The same procedure used for the synthesis of compound 4 was followed for 5 by mixing 531 mg of 2 (1 mmol) and 218 mg of 1,10-phenanthroline.H₂O (1.1 mmol) in 10 mL THF. 5 (0.50 g, 74 %) was collected after its impure form 5 was dissolved in CH₃CN (50 mL : 10 mL for each 100 mg of product) in order to remove the excess of 1,10-phenanthroline which precipitated. This is followed by washing with hexane (20 mL) and drying on a Büchner to obtain the pure complex. The complex is soluble in polar solvents like acetone, tetrahydrofuran, acetonitrile and slightly soluble in dichloromethane and chloroform. Colourless single crystals suitable for X-ray diffraction were obtained by slow evaporation from a saturated acetonitrile solution of 5.

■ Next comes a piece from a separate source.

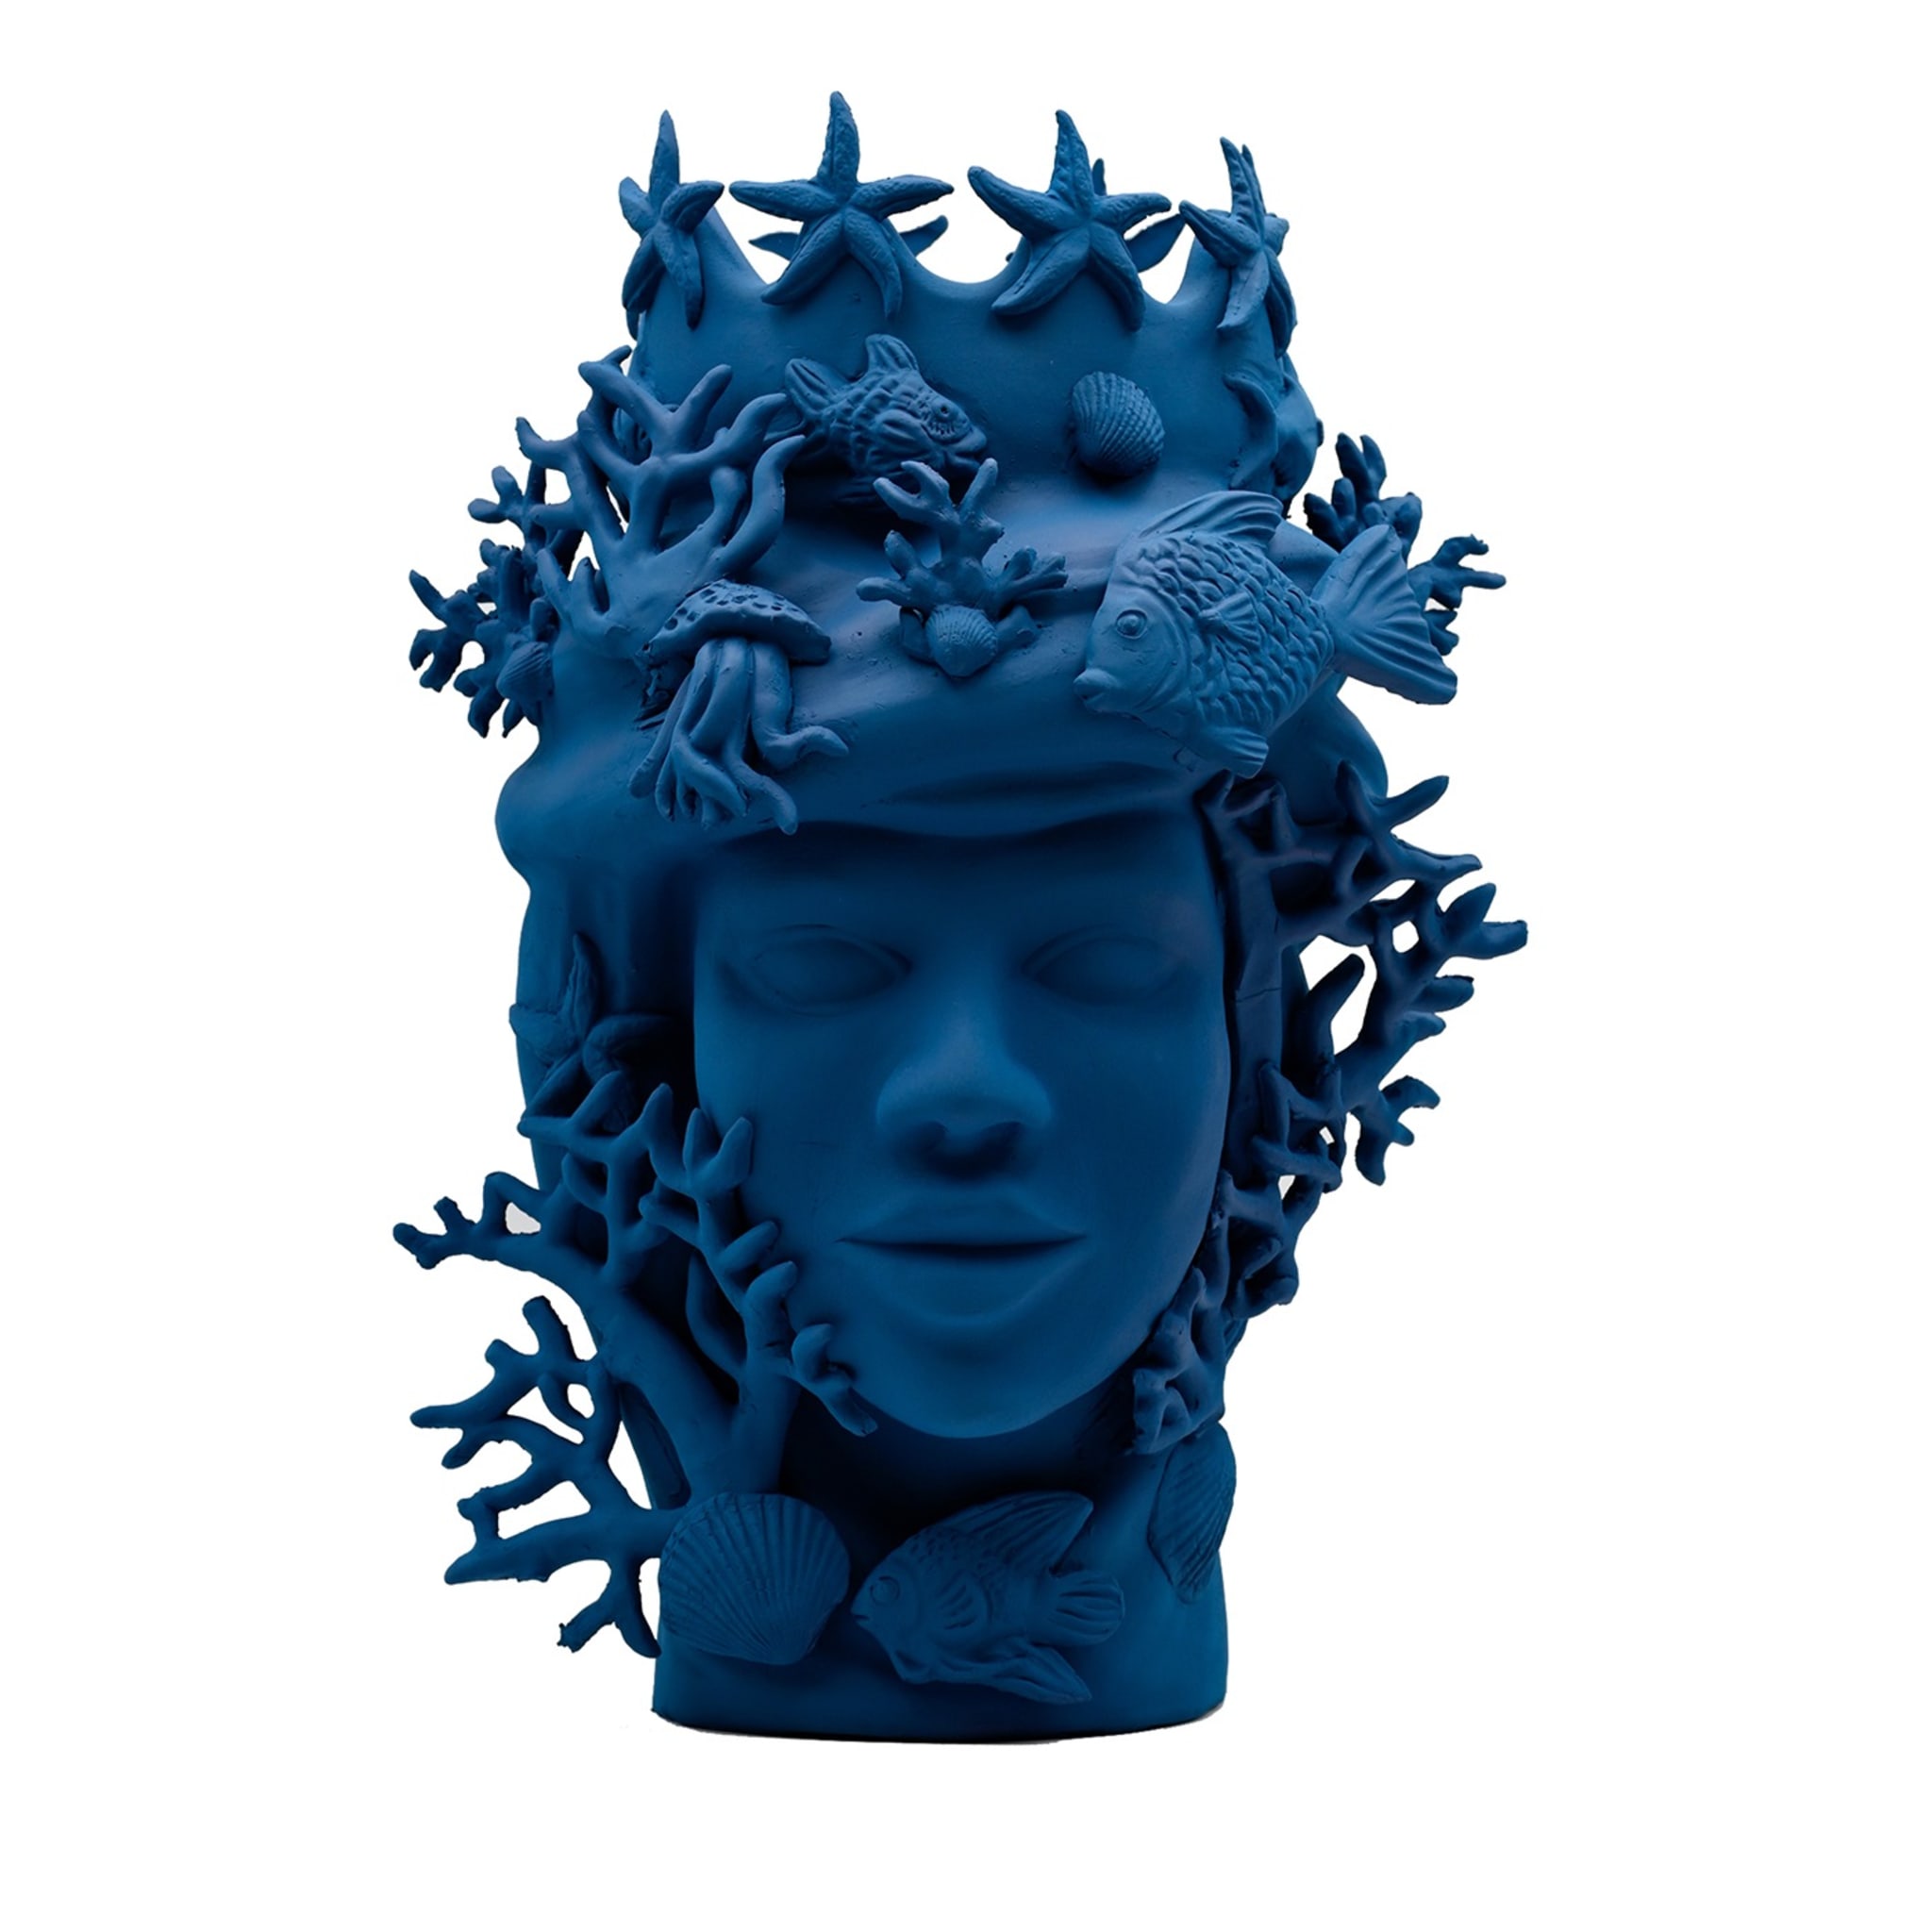 Royal Blue Handcrafted Moor's Head Sculpture

5 : C₃₂H₂₀O₄F₆N₂Zn. MW = 675 g.mol^-1. ¹H NMR ((CD₃)₂CO_, δ ppm) : 9.13 (2H, dd, J = 4.16 Hz and J = 1.31 Hz, HC_o-phen) ; 8.86 (2H, dd, J = 8.33 Hz and J = 1.34 Hz, HC_o-phen) ; 8.23 (2H, dd, J = 8.22 Hz and J = 4.3 Hz, HC_o-phen) ; 8.14 (2H, q, J = 8.2 Hz, HC_o-phen) ; 7.89 (4H, d, J = 7.22 Hz, HC_ar) ; 7.49 (2H, t, J = 7.3 Hz, HC_ar) ; 7.4 (4H, t, J = 7.44 Hz, HC_ar) ; 6.4 (2H, s, -CH-). ¹⁹F NMR ((CD₃)₂CO, δ ppm) : 101.27 ppm. FT-IR (cm^-1) 3025-3070 cm^-1 (υCsp² / Csp³– H), 1610 cm^-1 (υC=O), 1575 cm^-1 (υC=C), 1286 cm^-1 (υC–O). ESI (m/z) : [M + Na⁺]⁺ = 697.05. UV-vis (absolute ethanol) : λ₁max = 322 nm. Band gap = 3.85 eV.

5. Conclusions

This work establishes the synthesis and characterization of a new series of homoleptic and heteroleptic Zn(II) β-diketonate complexes. The structural, thermal, and photophysical data collectively reveal how molecular design dictates material properties. Single-crystal X-ray diffraction confirmed monomeric octahedral geometries, where ancillary nitrogen-based ligands introduce specific distortions. Thermogravimetric analysis demonstrated enhanced thermal stability, supporting their viability as precursors. The most significant outcome stems from ultrafast spectroscopic studies, which showed that coordination to zinc fundamentally redirects the photophysical pathway of the β-diketonate ligand. Unlike the free ligand, which relaxes rapidly to the ground state, the zinc-complexed form populates a long-lived triplet state. This capacity to generate a persistent, chemically reactive species upon photoexcitation is the critical feature that makes these complexes compelling candidates for applications in laser-induced deposition and the fabrication of 3D ZnO nanostructures. Consequently, this study establishes a rational framework for designing functional precursors with tailored excited-state properties for advanced photonic and electronic applications.